Friday, September 21, 2007

Receding Fear

The news story read Congolese do not kiss anymore - because of Ebola. It reminded me of the 80s when people first heard about AIDS. Rock Hudson had made headline news from dying of it. People generally believed that as awareness grew, promiscuity would decline rapidly. Nature was restoring missing equilibrium in society through an act of cruel kindness.

Decades later, AIDS is no longer breaking news, there is a vaccine in place and the official statistics do not confirm the hypothesis of inverse proportion between AIDS awareness and promiscuity. There must have been an initial state of limbo when people hesitated to indulge in high risk behavior just as the fear of Ebola has the Congolese not kissing anymore. Even extreme fear yields to nonchalance over time. In its wake comes a little recklessness.

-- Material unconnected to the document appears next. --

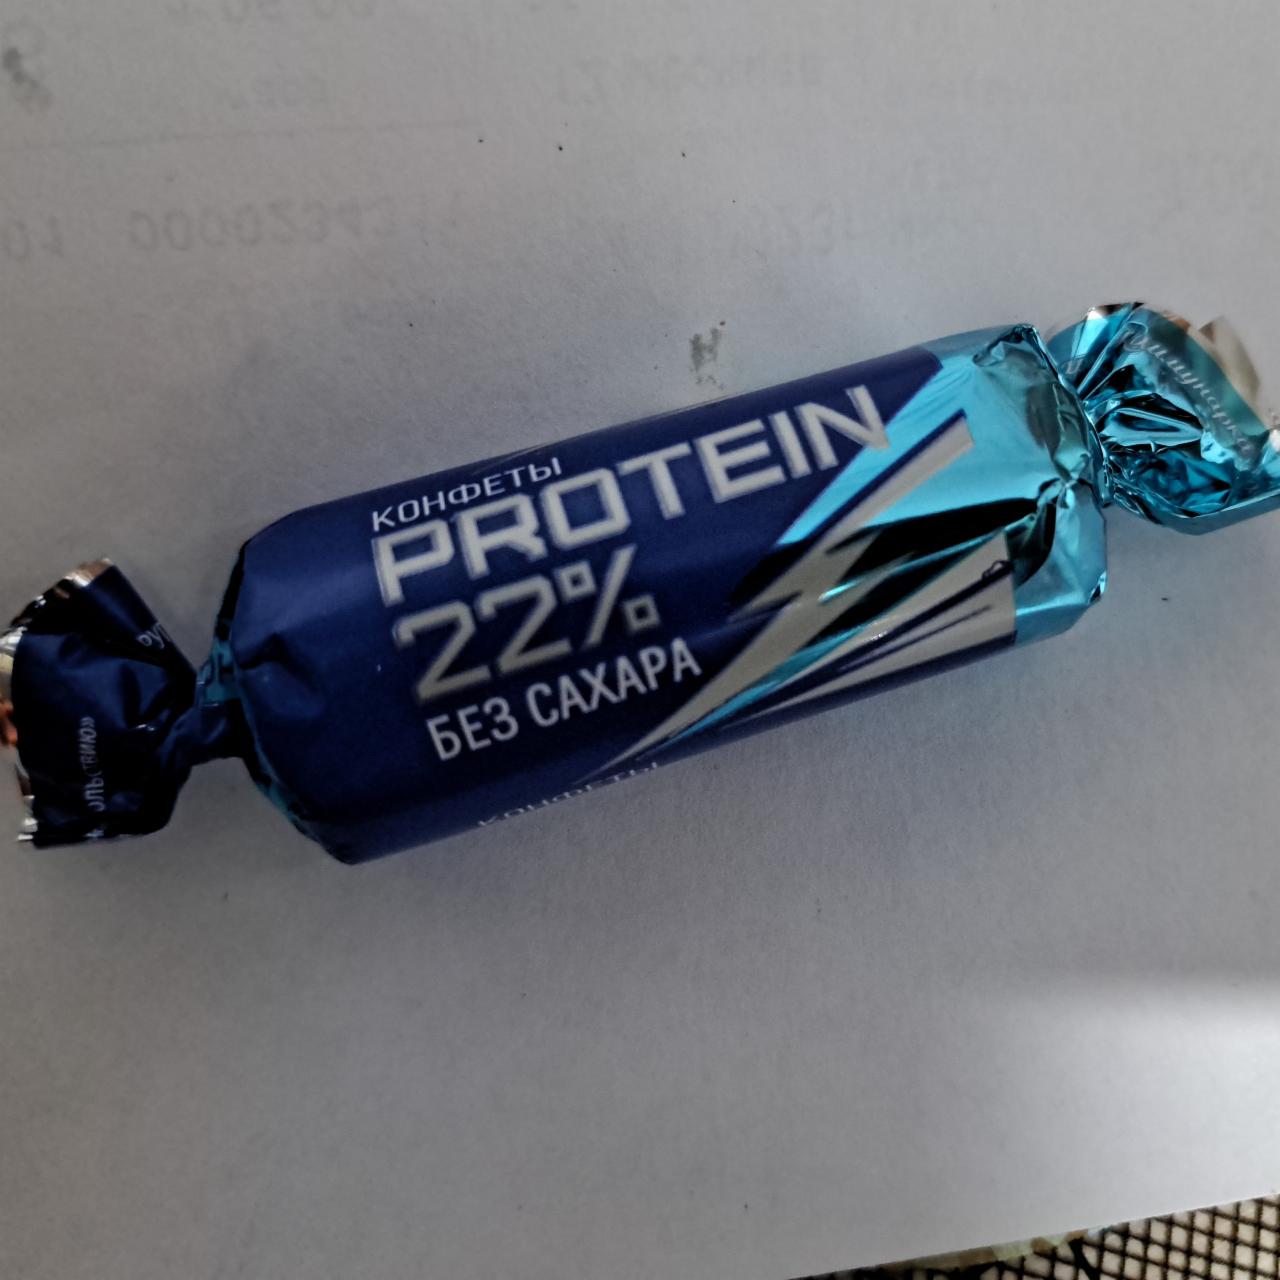 Фото - Конфеты protein 22% без сахара Коммунарка

Someone will risk a one-night stand with an attractive stranger and throw protection to the winds, the Congolese will kiss when the emotional impulse is strong enough to overcome their better judgment. Some people will die as a direct consequence of their actions, most other will survive questioning the basis of their fear.

The struggle of human willfulness against the forces of nature is so like that of a recalcitrant child defying his mother. The lessons that she intends to teach and the means she adopts often work contrary to expectations. Like the mother, nature must constantly innovate.